### Dataset excerpts
· · · · · · ·
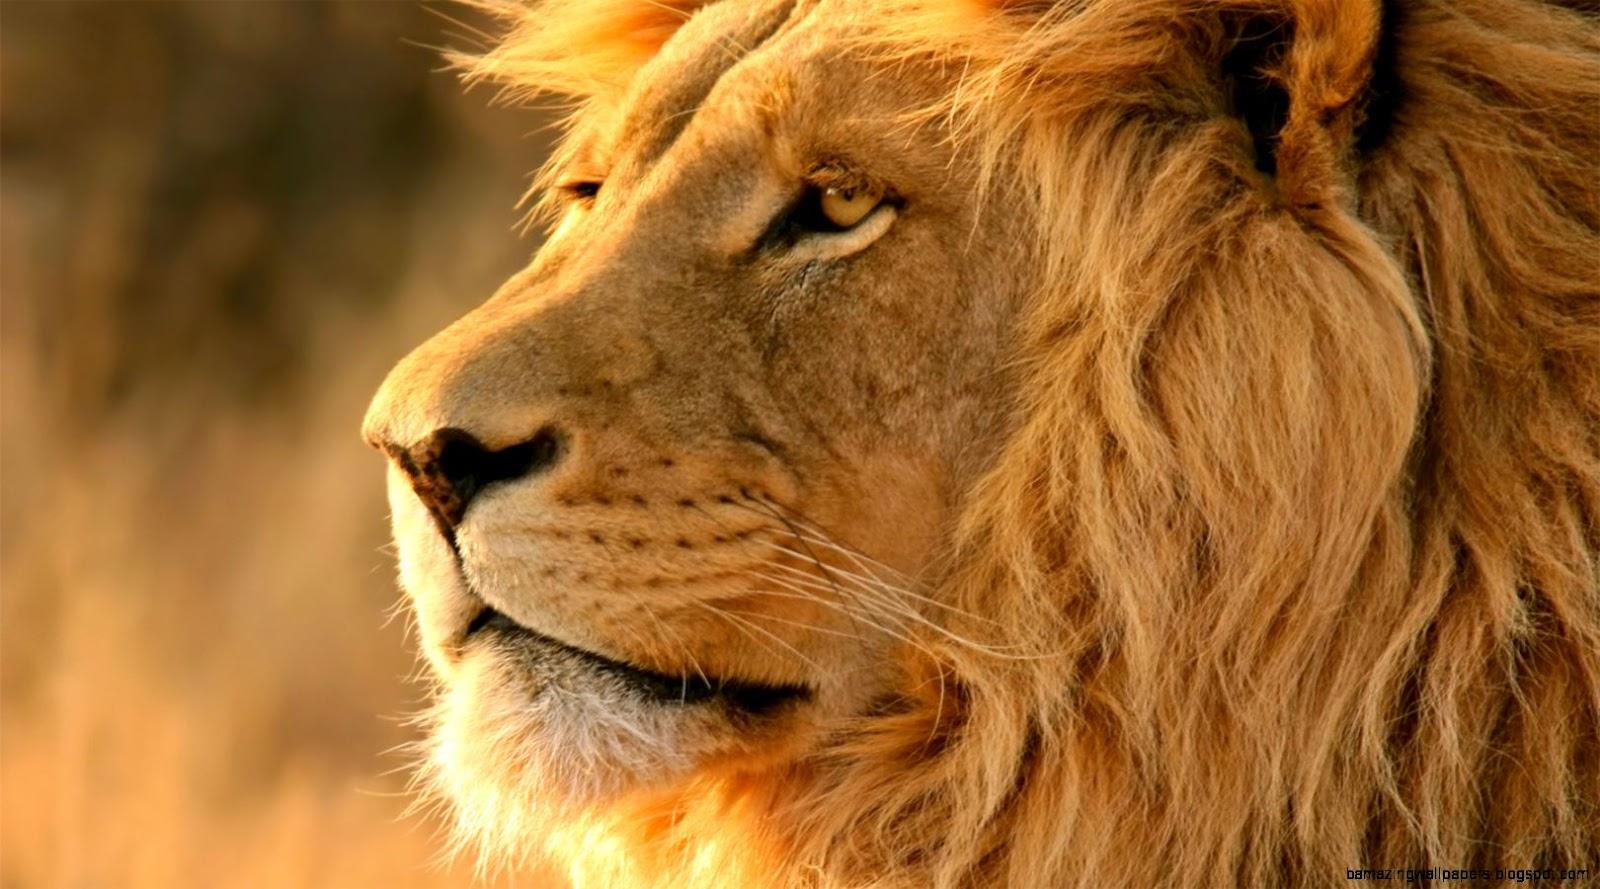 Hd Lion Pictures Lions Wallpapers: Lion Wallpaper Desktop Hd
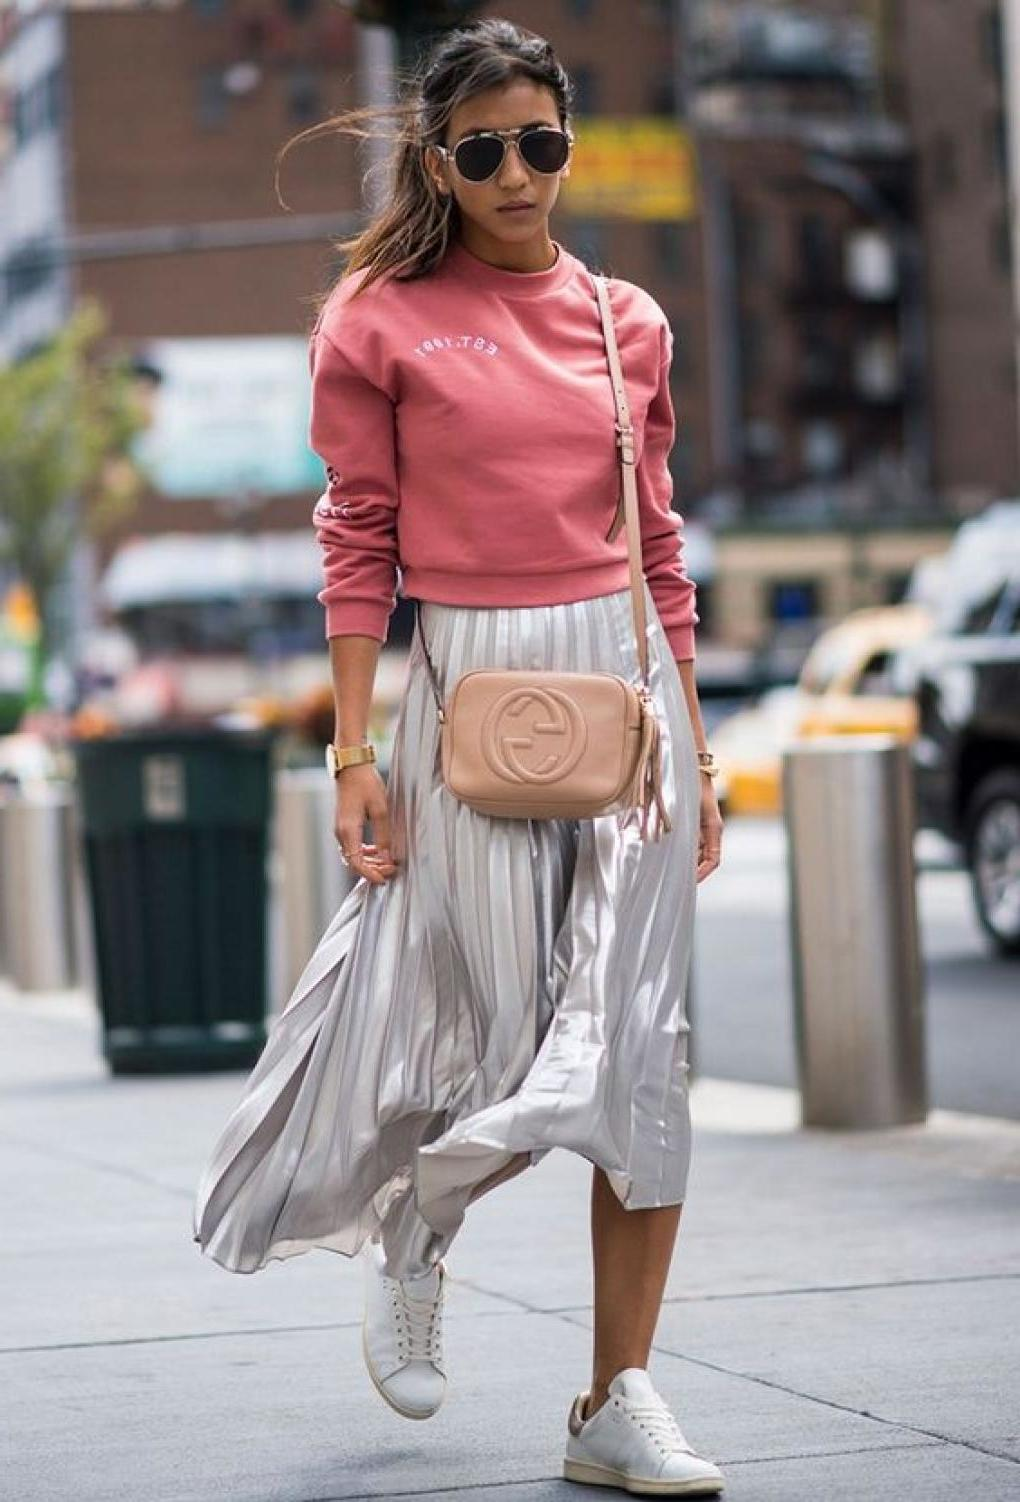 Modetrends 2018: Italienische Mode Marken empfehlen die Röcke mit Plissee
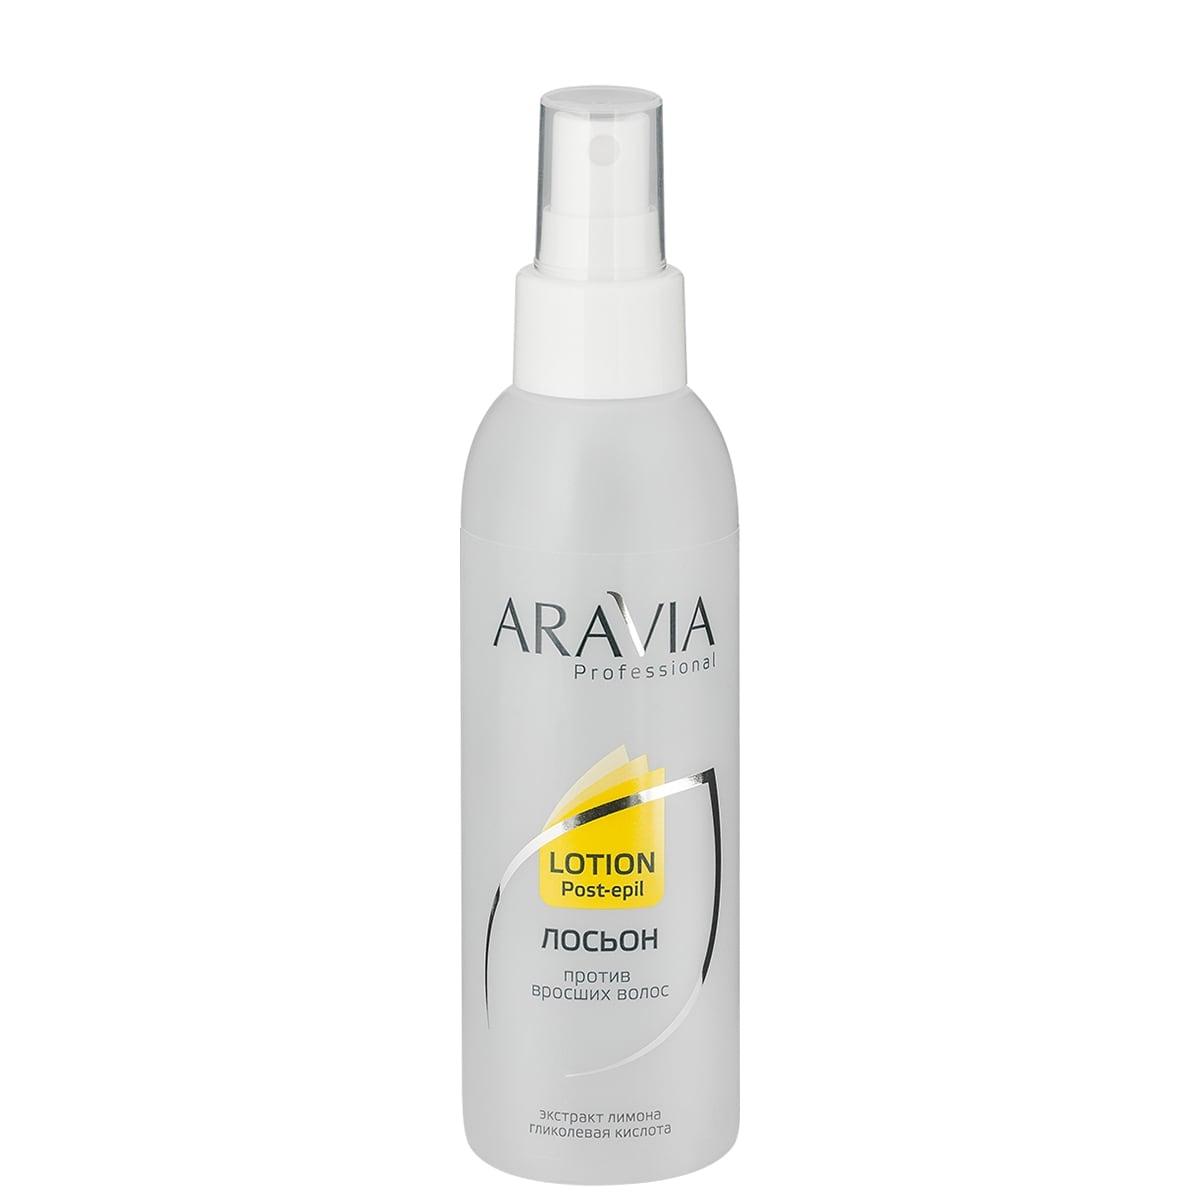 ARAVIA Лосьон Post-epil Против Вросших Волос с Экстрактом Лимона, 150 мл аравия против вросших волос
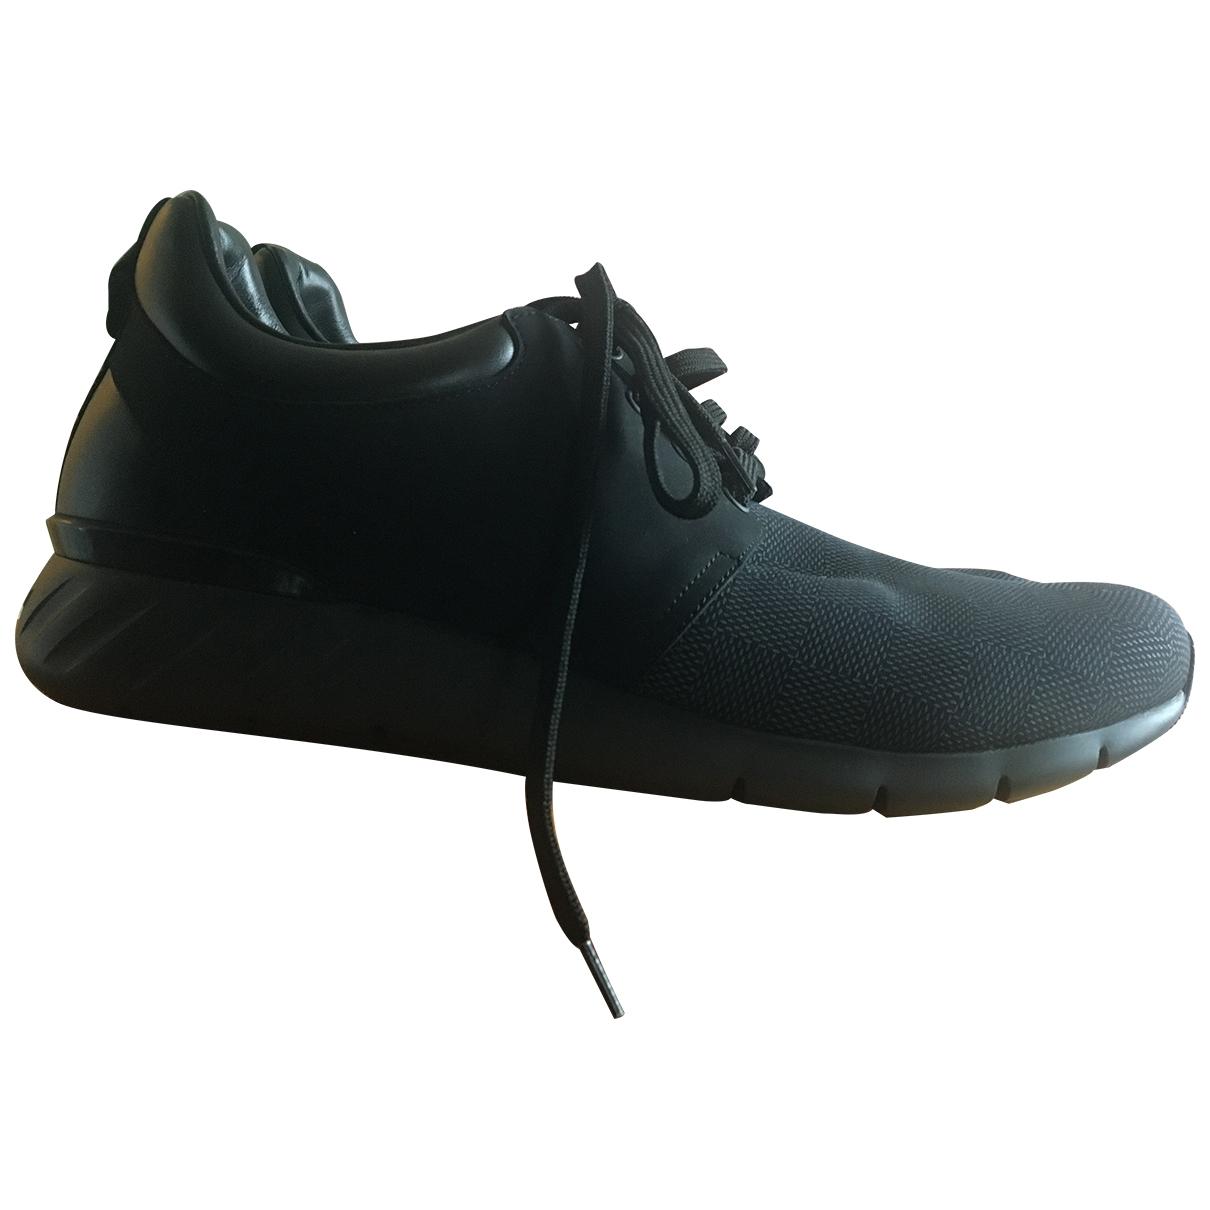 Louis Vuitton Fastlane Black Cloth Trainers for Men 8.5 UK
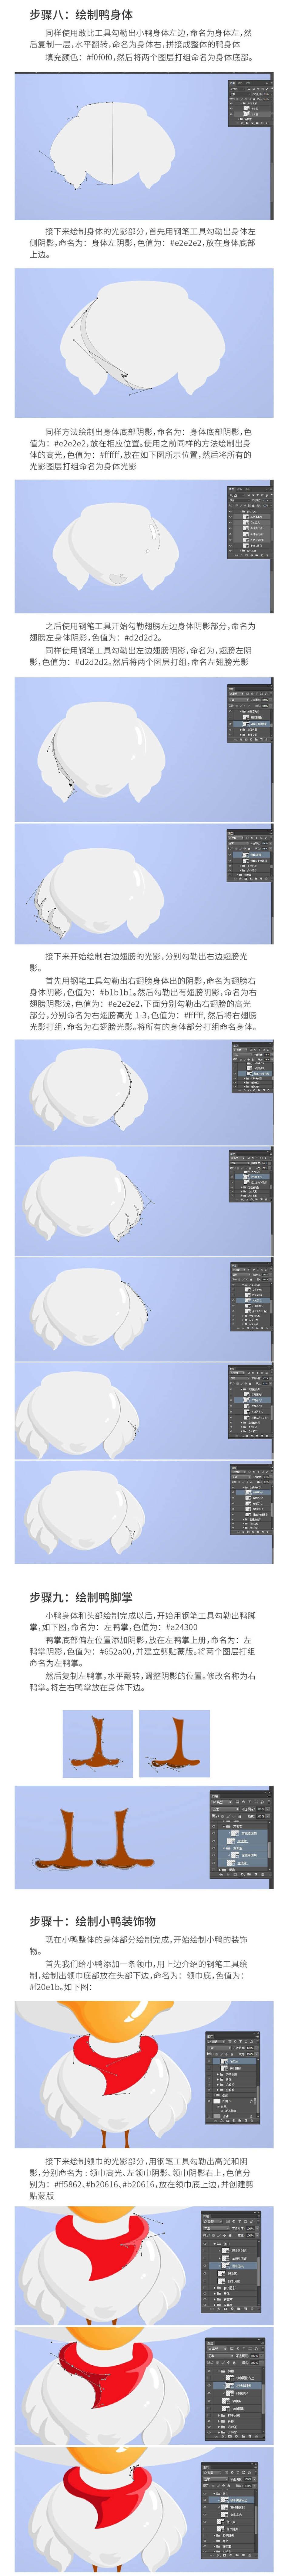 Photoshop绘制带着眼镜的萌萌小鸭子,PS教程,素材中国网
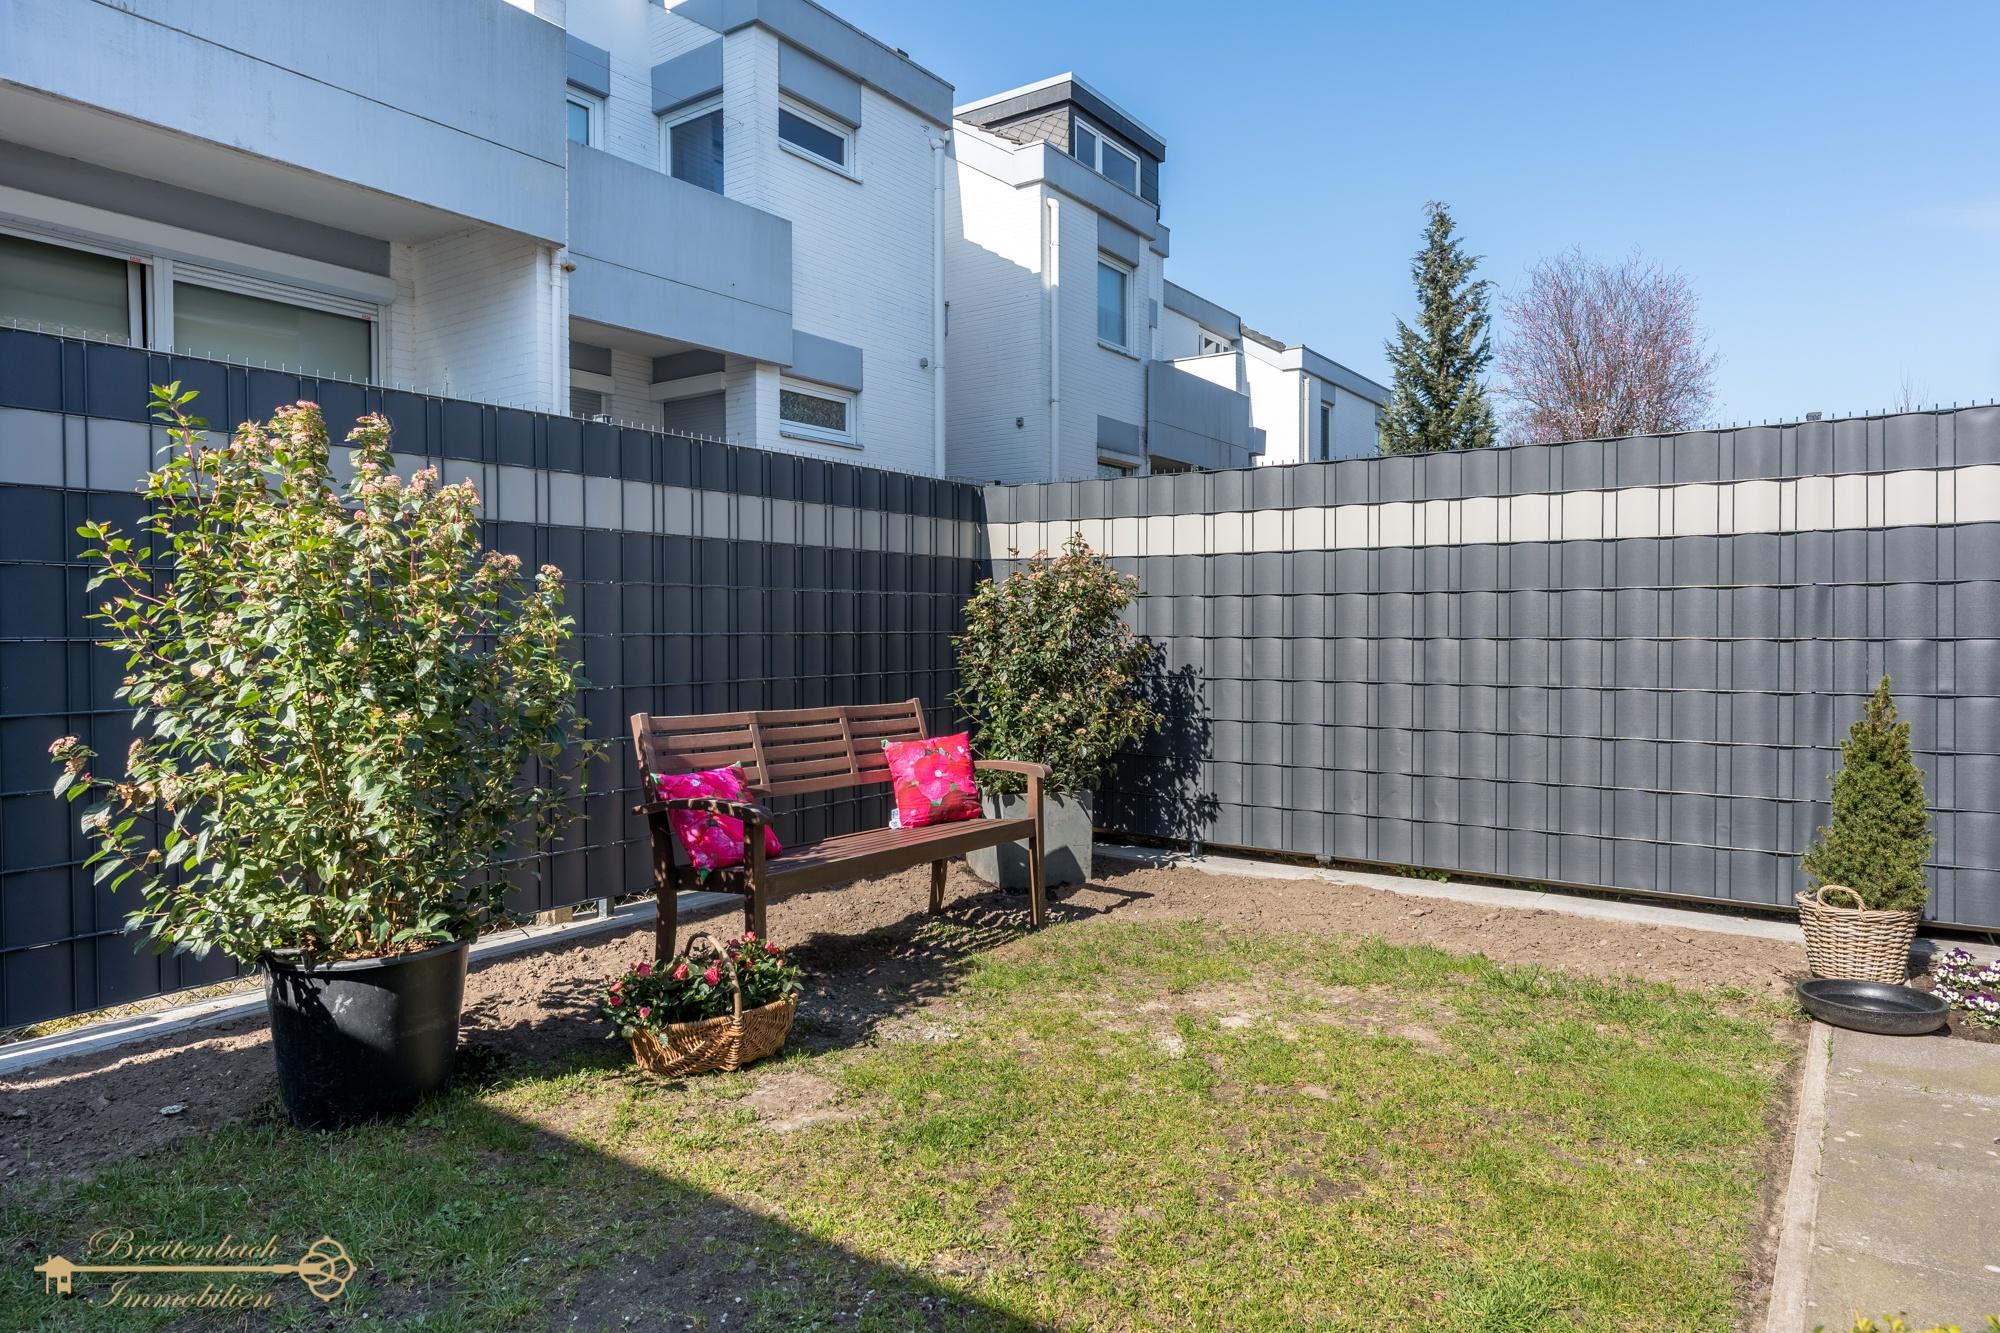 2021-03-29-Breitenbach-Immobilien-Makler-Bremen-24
· · · · · · ·
Return the data verbatim, leaving out the pictures it holds.

 Hd Lion Pictures Lions Wallpapers: Lion Wallpaper Desktop Hd
 Modetrends 2018: Italienische Mode Marken empfehlen die Röcke mit Plissee
 ARAVIA Лосьон Post-epil Против Вросших Волос с Экстрактом Лимона, 150 мл аравия против вросших волос
 Louis Vuitton Fastlane Black Cloth Trainers for Men 8.5 UK
 Photoshop绘制带着眼镜的萌萌小鸭子,PS教程,素材中国网
 2021-03-29-Breitenbach-Immobilien-Makler-Bremen-24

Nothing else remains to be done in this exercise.